Before tryptic digestion, gel pieces from the region 7-14 kDa were spiked with 2 pmol of 13C, 15N stable-isotope labelled peptide standards ELPSFLGK (S100A4), ALNSIIDVYHK (S100A8), NIETIINTFHQYSVK (S100A9) and 1 pmol of SFWELIGEAAK (S100A14) and AVIVLVENFYK (S100A16) (SpikeTides TQL, JPT Peptide Technologies, Germany). This step allowed the inclusion of additional labelled S100 peptides not detected in TPC1 cells according to preliminary tests. All samples were then incubated overnight at 37°C. Peptides were extracted thrice with 0.1% SDOC in ultrasonic waterbath for 10 min and then acidified with 1 uL of formic acid. The precipitate was removed by centrifugation (14000 g, 10 min) and the samples were dried in a speed-vac, ready for LC-SRM-MS.

LC-SRM-MS

The selection of S100 peptides, transitions and optima MS parameters was based on our previous work [45]. The sequences from candidate reference proteins and putative S100 interaction partners annexin A1 (ANXA1) and annexin A2 (ANXA2) were searched by BLAST and Peptide Atlas to identify suitable unique tryptic peptides with more than six amino acids and free of methionine residues. S100 proteins to be quantitated in the tissue samples were detected on preliminary analyses of each sample using the list of SRM transitions reported in Additional file 1: Table S2. These transitions were monitored and also served to assign the retention times of each peptide for subsequent time-scheduled SRM. According to their localisation on the gels, Table 2 lists the peptide sequences and SRM parameters employed for the analysis of S100 proteins and Additional file 1: Tables S3 and S4 the candidate reference proteins in the thyroid tissues.

Table 2 Targeted S100 peptide sequences (region 7-14 kDa)

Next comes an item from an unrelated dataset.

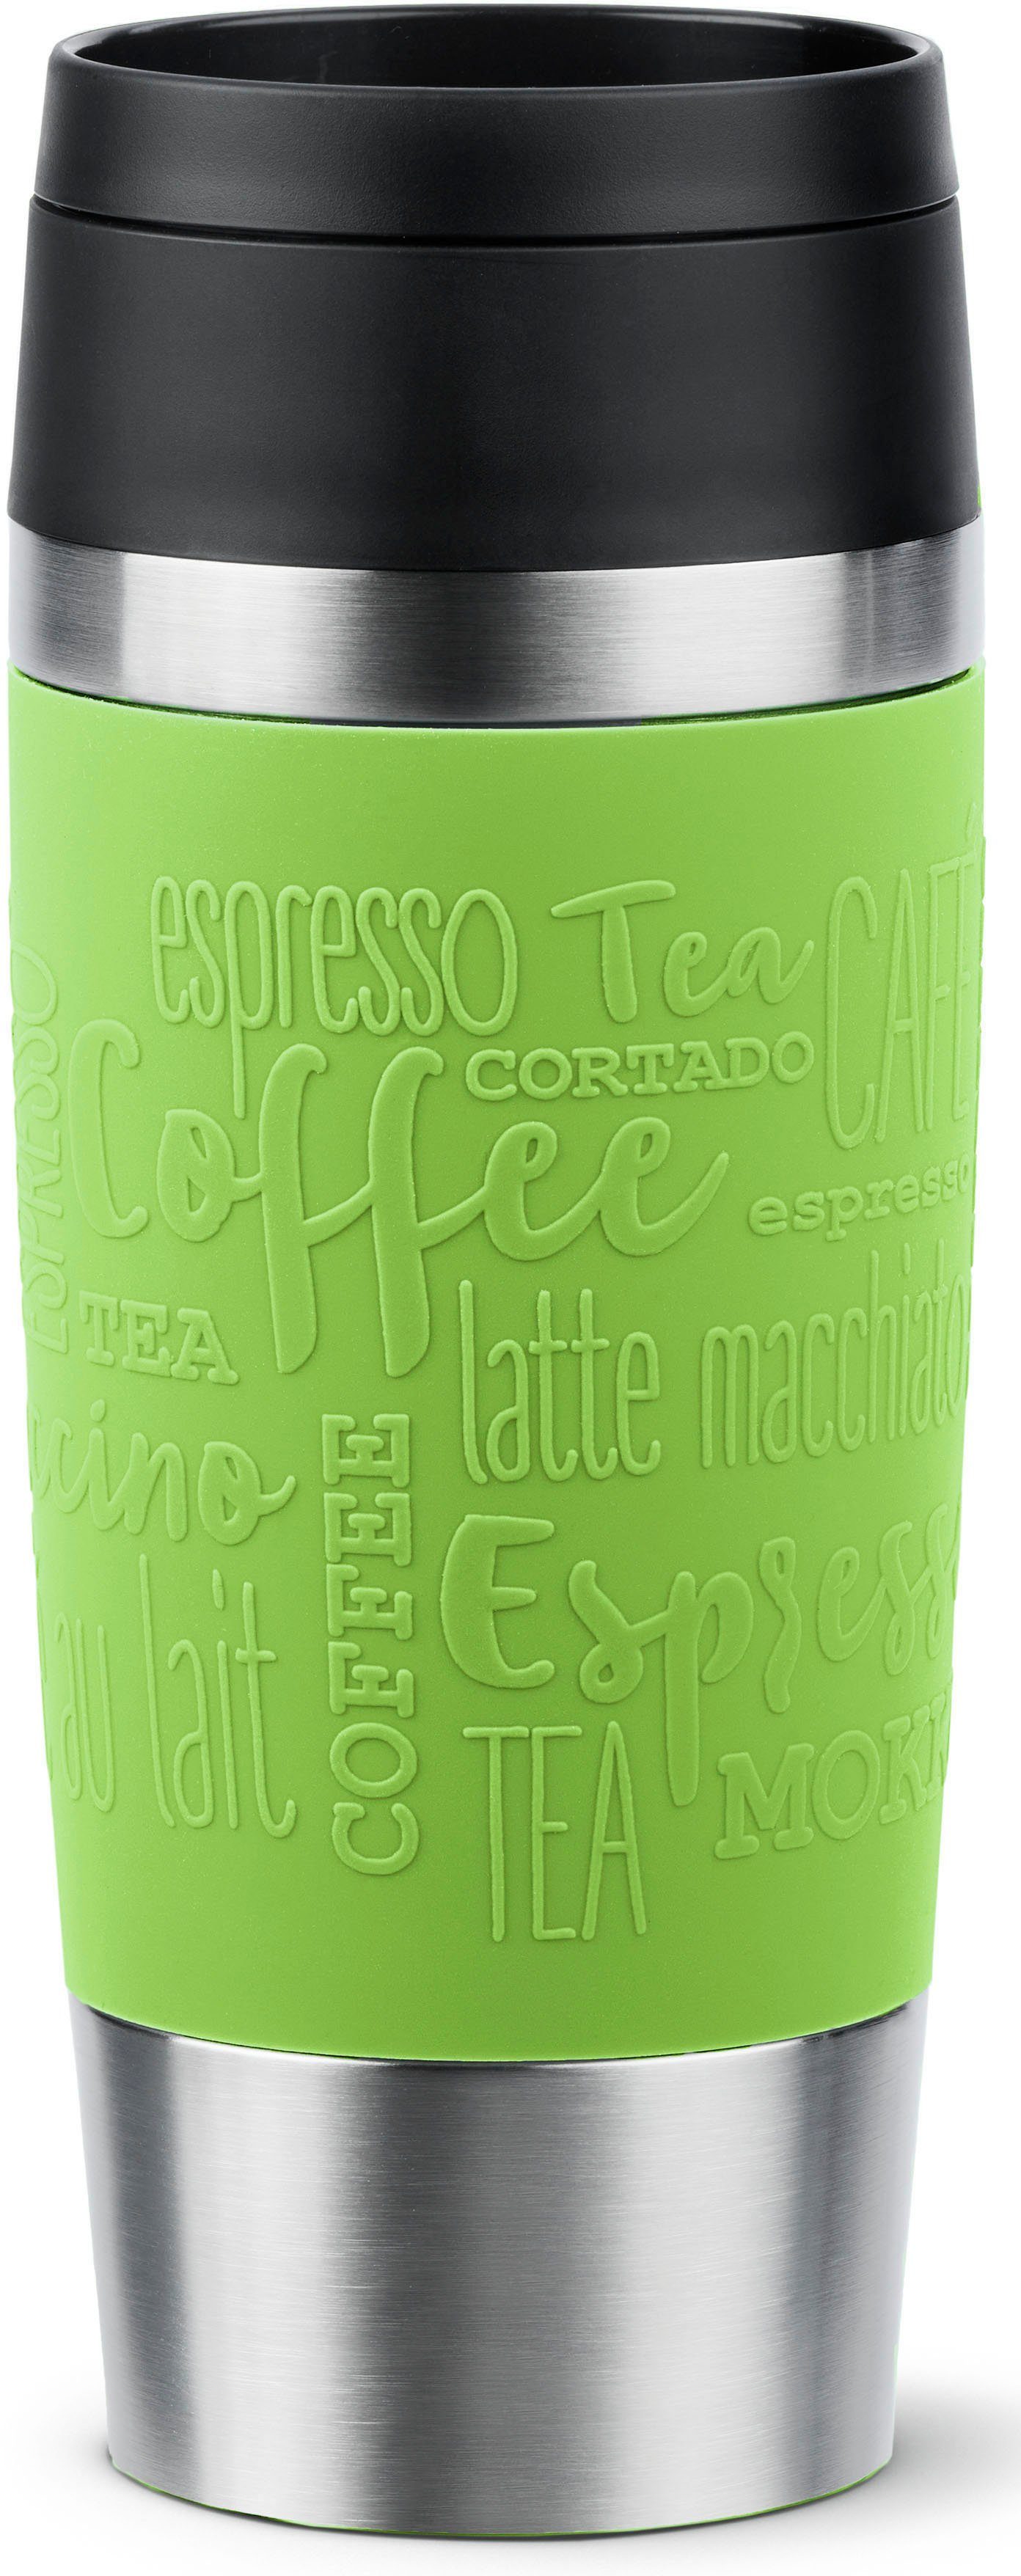 Emsa Thermobecher Travel Mug Classic, mit 360°-Trinköffnung, Edelstahl, Kunststoff, Silikon, 4h heiß, 8h kalt - 360 ml / 6h heiß, 12h kalt - 500 ml, 100% dicht

Samples were analysed using a Waters nanoACQUITY UPLC system coupled to the QTRAP 5500 mass spectrometer (AB Sciex). Weak (A) and strong (B) elution solvents were 0.1% FA (v/v) in water and 0.1% FA (v/v) in ACN, respectively. Samples were loaded onto a Waters Symmetry C18 trapping column (180 um × 20 mm, 5 um particle size) and peptides were separated on a Waters BEH C18 nano UPLC column (100 um × 100 mm, 1.7 um particle size) at 35°C under constant flow rate of 0.4 uL/min. Different elution gradients were used depending on the regions from the gel: a) 7-14 kDa: 3% solvent B for 1 min, 3-40% B in 30 min and 40-85% B in 2 min, b) 14-32 kDa: 3% solvent B for 1 min, 3-40% B in 60 min and 40-85% B in 2 min, c) 32-100 kDa: 3% solvent B for 1 min, 3-40% B in 110 min and 40-85% B in 2 min.

Peptide samples were reconstituted with a solution of 2% ACN/0.1% TFA (v/v) and 17.8 fmol/uL of 13C15N stable isotope-labelled peptide ESDTSYVSLK from human C-reactive protein (Auspep, Australia), used as LC loading control for label-free experiments. Blank injections using a 30 min gradient were performed between each sample. The lists of peptide sequences in Table 2 and Additional file 1: Tables S3 and S4 were targeted using three transitions per peptide with corresponding time-scheduled SRM methods employing cycle times of 1 s and transition windows of 240 s for peptides shown in Table 2 and Additional file 1: Table S3 and 360 s for those listed in Additional file 1: Table S4. The nano-ESI source was operated in positive mode at 2.5 kV with interface heater temperature of 150°C. Curtain gas was set to 20 psi, declustering potential at 70 V and both Q1/Q3 were set at unit resolution. Collision energies (CE) for candidate reference peptides were calculated based on the equations CE(2+) = 0.036*m/z + 8.857 and CE(3+) = 0.0544*m/z-2.4099, taken from Skyline. Peptide identities were corroborated by SRM-triggered IDA MS/MS and searched in the UniProt human database using Mascot v. 2.3.0.

Data analysis

The potential for peptide interferences was monitored with AuDIT software [48] and signals marked as problematic were removed. Data were processed with Multiquant 3.0 (AB Sciex) using the MQ4 integration algorithm. Manual inspection of the fragment ion peaks was performed to ensure accurate integration. The respective fragment ion peak areas of each endogenous peptide were summed and divided by the transition areas of the isotopically labelled counterparts. The calculated values of different peptides from the same protein were averaged.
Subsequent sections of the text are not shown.